Saturday, September 28, 2013

Darling, don't you go and cut your hair

There's one rather major occurrence that I haven't blogged about yet, mostly because its only starting to be funny now.

I had an emotionally interesting period of time back in April and May where I wasn't sleeping very well, because I had stopped running for a variety of reasons and my body hadn't adjusted to the lack of endorphins. A lot of late night soul searching led me to the conclusion that Peace Corps was turning me into an old lady who is wasting away her 20s lounging about having the same conversations every day about weather and reading thousand page novels instead of getting a good paying job somewhere, going out and taking risks and dancing on tables or whatever it is 23 year- olds are "supposed" to do.
This general "God, I'm so boring" train of thought indirectly led me to debate cutting some bangs, since I hadn't changed my general look in quite some time. Also, I think I've had a repressed desire to do so since preschool when I tried to cut my hair in school and was stopped. I'd read enough fashion magazines to know that curly haired people should not cut straight bangs but still had an urge to try any way.
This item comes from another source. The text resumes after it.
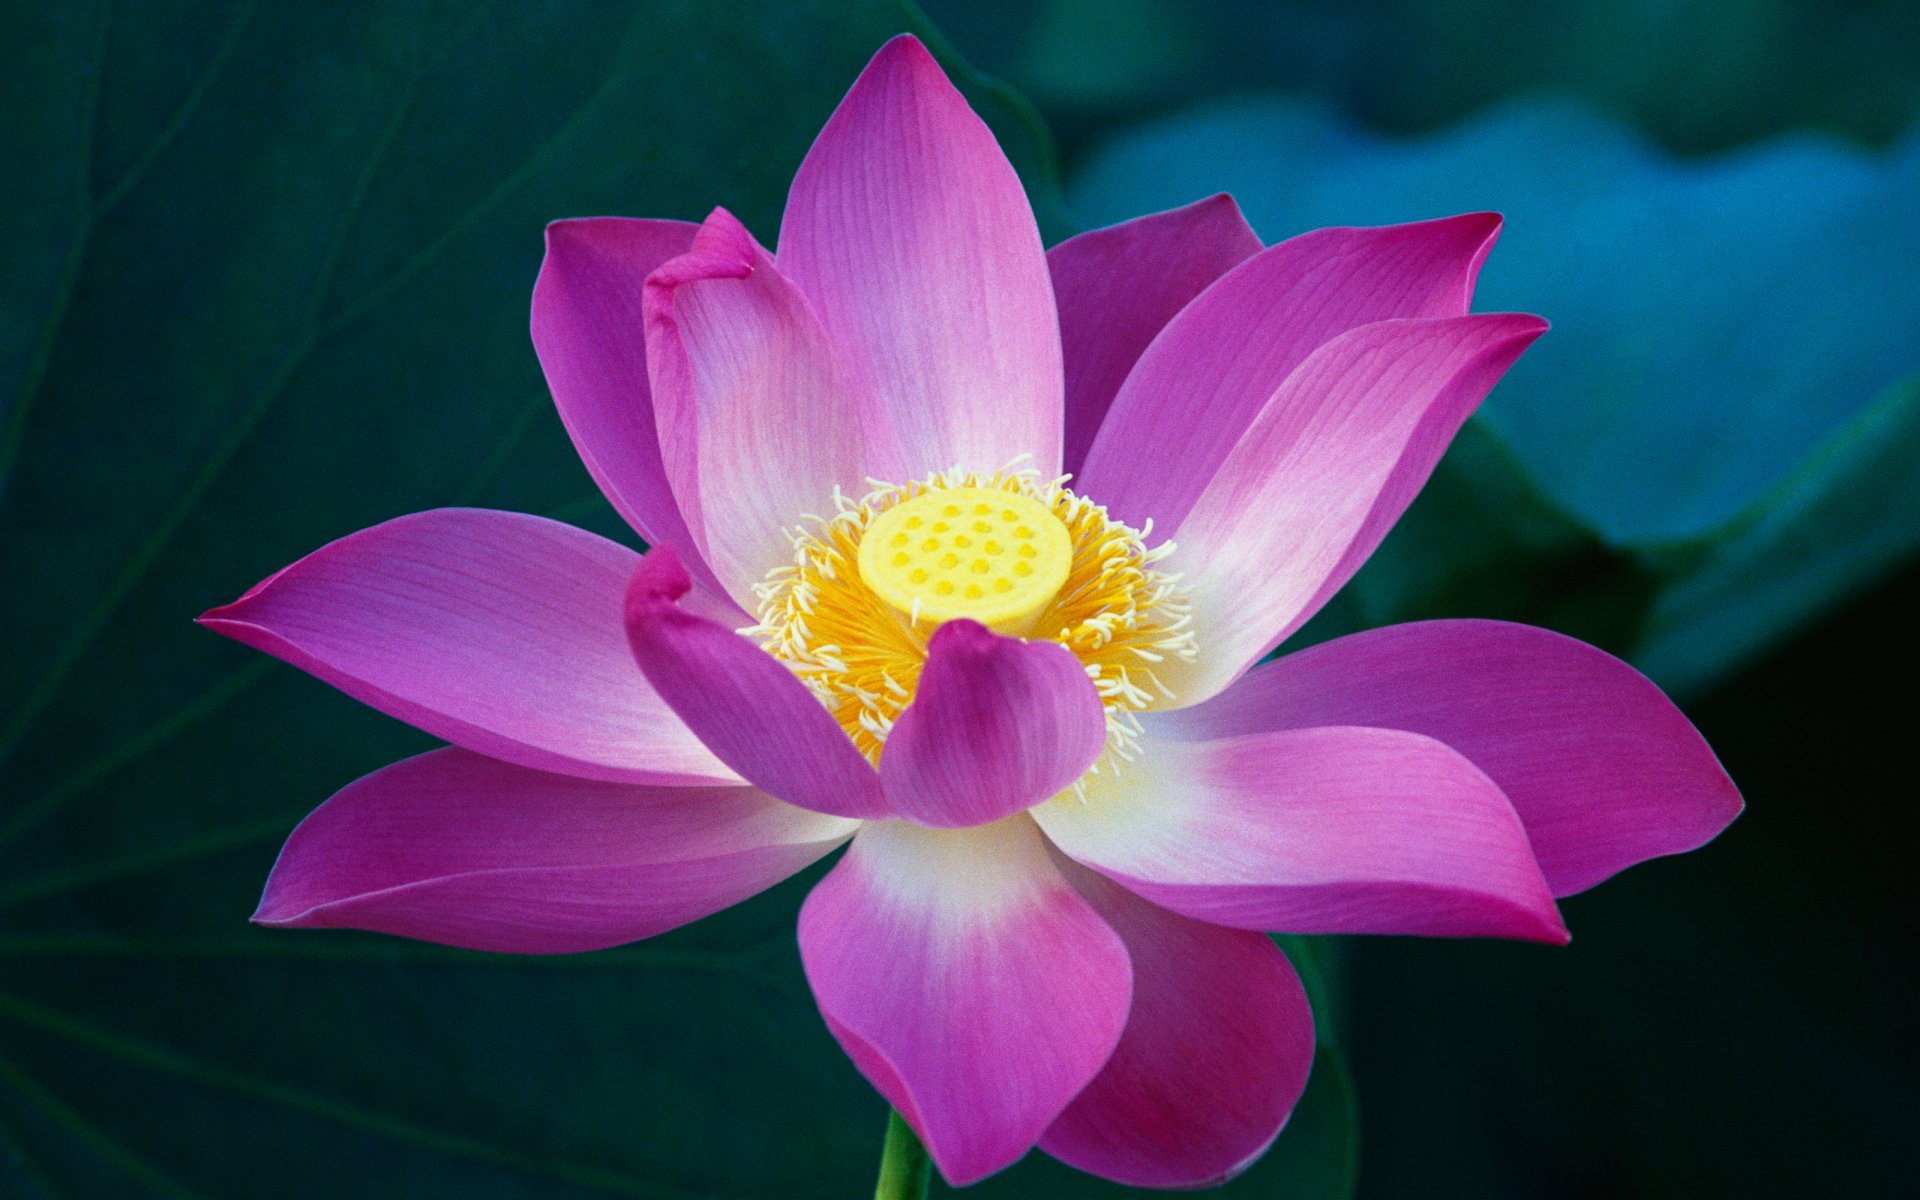 Hãy chiêm ngưỡng hình ảnh tuyệt đẹp về hoa sen - loài hoa được xem là Thần Quyền và thường được coi là biểu tượng của sự tinh khiết và thanh cao trong văn hóa Việt Nam. Bạn sẽ không thể rời mắt khỏi vẻ đẹp hoàn hảo của những cánh sen nhẹ nhàng trên mặt nước trong veo.
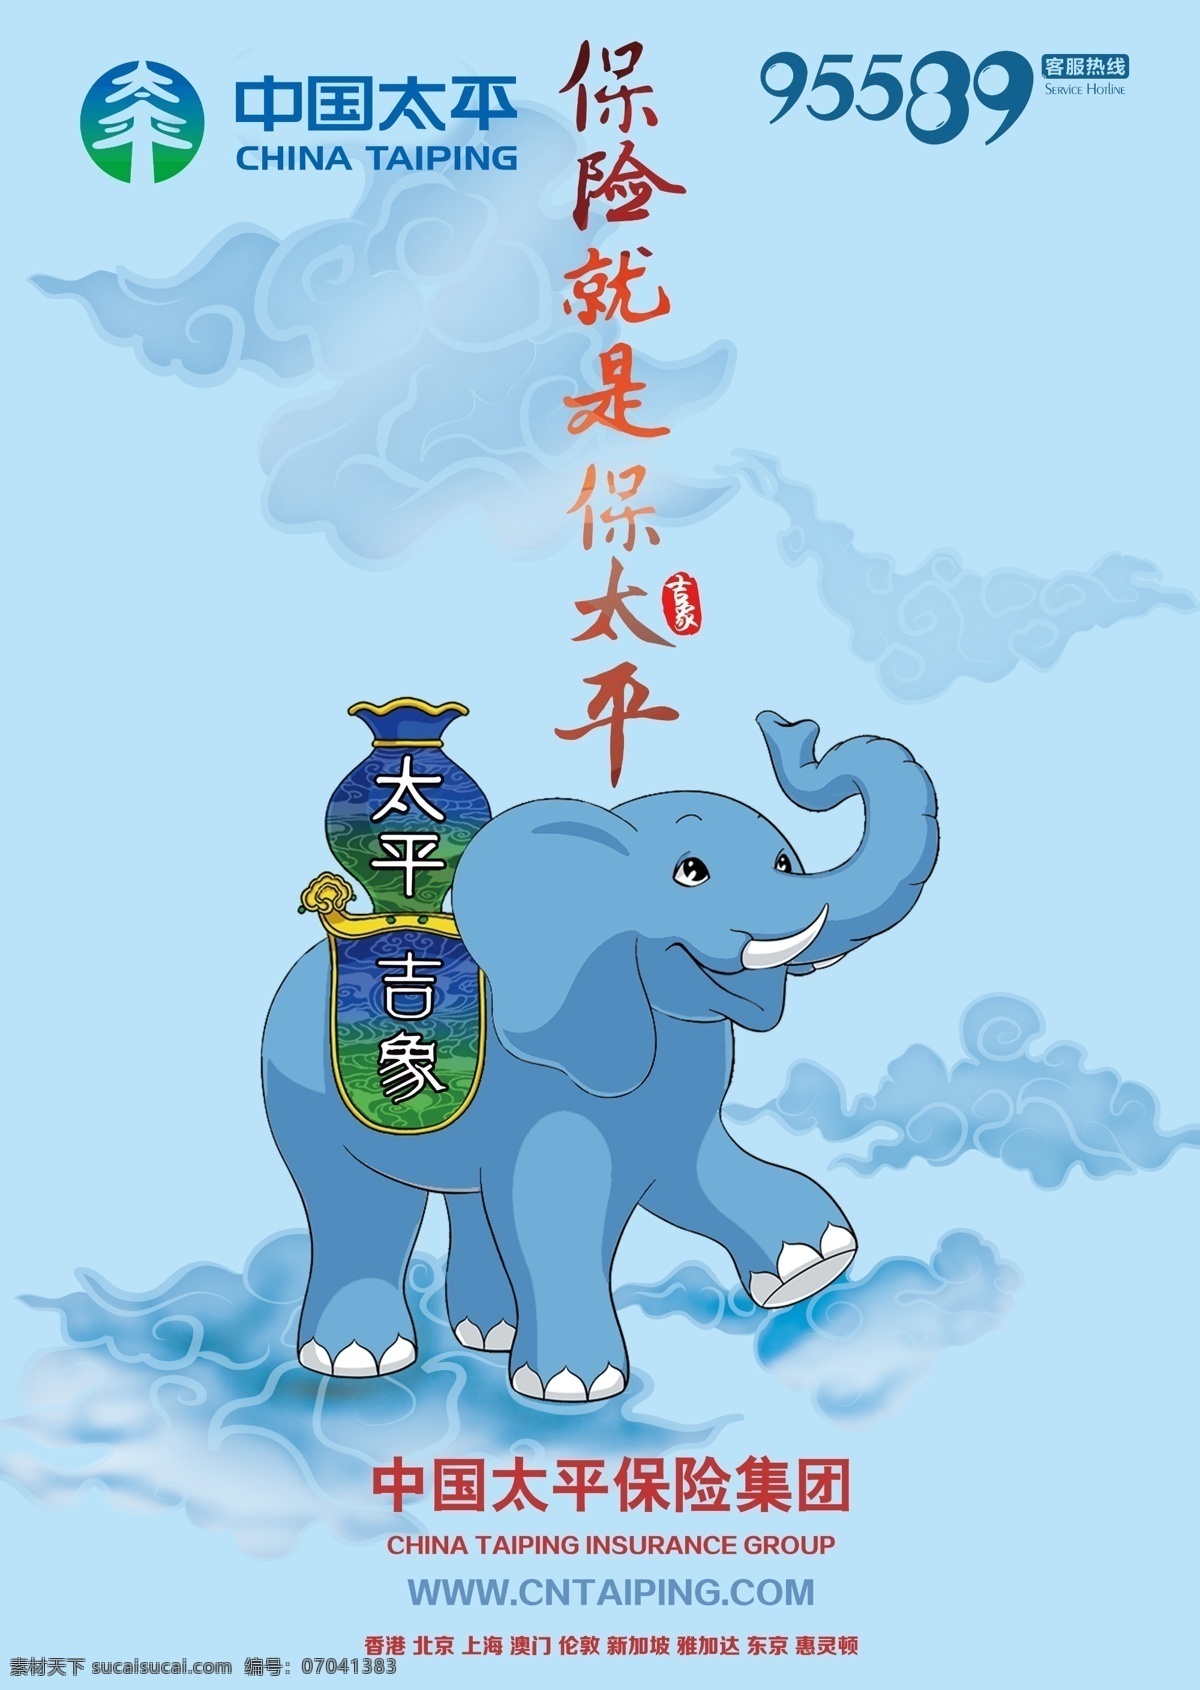 中国太平人寿 大象 保险 蓝 吉象 祥云

One particularly insomnia filled night, I'd given up on trying to fall asleep and was watching TV in my room. I've never mentioned the fact that I own a TV before, because I have pena about it because it seems like the kind of thing that is way too fachenta to have while serving as a Peace Corps Volunteer. I didn't buy it, it was there when I moved in, but still.  I never owned a TV in the US, and probably never will. I rarely even use it, because there's only so many telenovelas, Caso Cerrado and 12 Corazones that one can take. OK, so fine, the TV (and my house) are pretty fachenta for Nicaragua, but not by American standards. For instance, I shower next to a parrot and bunch of chickens behind a plastic sheet. Peace Corps' definitely gotten cushier since the 60s, but that doesn't make it that cushy.

Anyway, there I was, changing channels at 2 am or thereabouts when I randomly chanced across an Italian movie that improbably featured Penelope Cruz. I didn't really know what was going on, she was involved with a married doctor or something, but in one scene she cuts off her hair, and of course, because it is a movie and she is Penelope Cruz, she looked really edgy and cool. "This is the sign I've been waiting for! The time for big risks is here! I should totally cut some bangs! I will look glamorous and elegant!" I decided, and proceeded to hack off a lot of hair with my handy dandy all too available pair of scissors. Right around the time I finished, the movie got really sad because Penelope Cruz' character dies from the complications of a back alley abortion. I might not have interpreted Cruz' haircut the way I did if I had watched the movie to the end....

The resulting bangs did not look particularly great. I should have known that glamorous and elegant, despite what taxi drivers have to say about me, are not adjectives that are very applicable to me. At least I did get a great adrenaline rush from doing something so ballsy. Once this wore off, however, I was pretty embarrassed for the next few months. Luckily, I have a reasonable sense of humor and self deprecation is my forte. For instance, one day in class, I was teaching sentence stress (ie what words in a sentence we emphasize to change our meaning) and I was using the sentence "I said, she might want a new haircut." I was using part of a lesson another PCV had developed out of laziness, but all my counterparts started laughing at me, thinking that the sentence was about my life. Unintentional, but true.

The bangs are still a bit of a mess, but they are finally growing out better. Unfortunately, they are a huge nuisance in the sweat inducing climate. Phrases I never want to see on a weather forecast again: "Real Feel 46 degrees Celsius."

There's a fine line between whimsy and madness, a boundary which PCV service often drives you to cross. Part of the problem, I think, lies in determining which rules from back home "apply" or don't, and which new rules are actually important. I think I've finally learned my lesson about scissors though.